Doc-to-Atom: Learning to Compile and Compose Memory Atoms
2026-06-10 • Computation and Language
Computation and LanguageInformation Retrieval
AI summaryⓘ
The authors address the problem of slow and memory-heavy processing of long documents by large language models. They improve on a previous method called Doc-to-LoRA, which compresses document knowledge into one adapter but struggles with irrelevant information and scaling. Their new system, Doc-to-Atom, breaks documents into smaller, meaningful pieces called atoms, each with its own mini-adapter. At inference, only the relevant atoms are combined for a specific query, making the process more efficient and accurate. Tests on question-answering tasks show Doc-to-Atom is better and uses less memory than before.

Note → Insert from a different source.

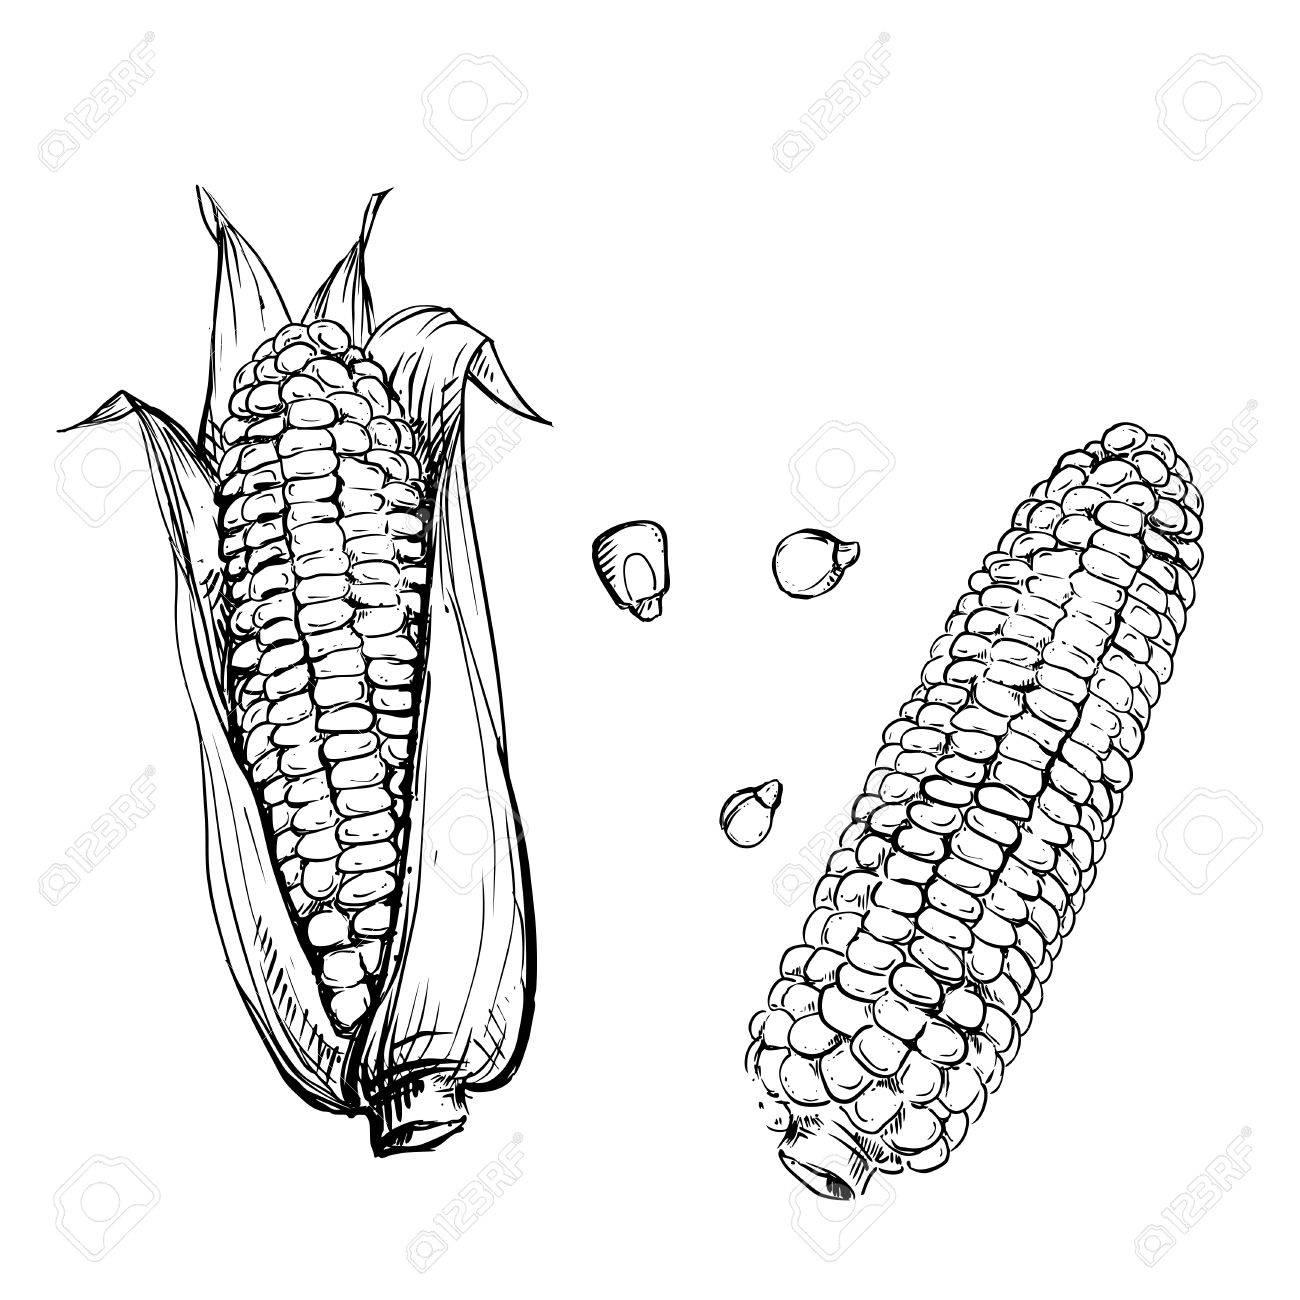 1300x1300 Hand Drawn Vector Illustration Set Of Corn, Grain, Stalk. Sketch

Long input sequencesLarge Language ModelsAttention mechanismContext distillationLoRA adaptersDoc-to-LoRAParameter-efficient tuningCompositional memoryQuery routingMulti-objective distillation
Authors
Xingjian Diao, Wenbo Li, Yashas Malur Saidutta, Avinash Amballa, Lazar Valkov, Srinivas Chappidi
Abstract
Long input sequences are central to document understanding and multi-step reasoning in Large Language Models, yet the quadratic cost of attention makes inference both memory-intensive and slow. Context distillation mitigates this by compressing contextual information into model parameters, and recent work such as Doc-to-LoRA amortizes context distillation into a single forward pass that generates one LoRA adapter per document. However, producing a single monolithic adapter for all queries leads to irrelevant-query interference, limited compositional recall, and poor scalability to long-document reasoning. To address these challenges, we propose Doc-to-Atom (Doc2Atom), a compositional parametric memory framework that decomposes each document into semantically typed knowledge atoms. Each atom is compiled into an independent micro-LoRA adapter and a provenance retrieval key. At inference time, a lightweight query router selects and assembles only the relevant atoms into a query-specific adapter, which is then injected into a frozen base model. The entire system is trained end-to-end through a multi-objective distillation framework. Experiments on six diverse QA benchmarks demonstrate that Doc2Atom outperforms Doc-to-LoRA baselines while reducing the memory cost of document internalization.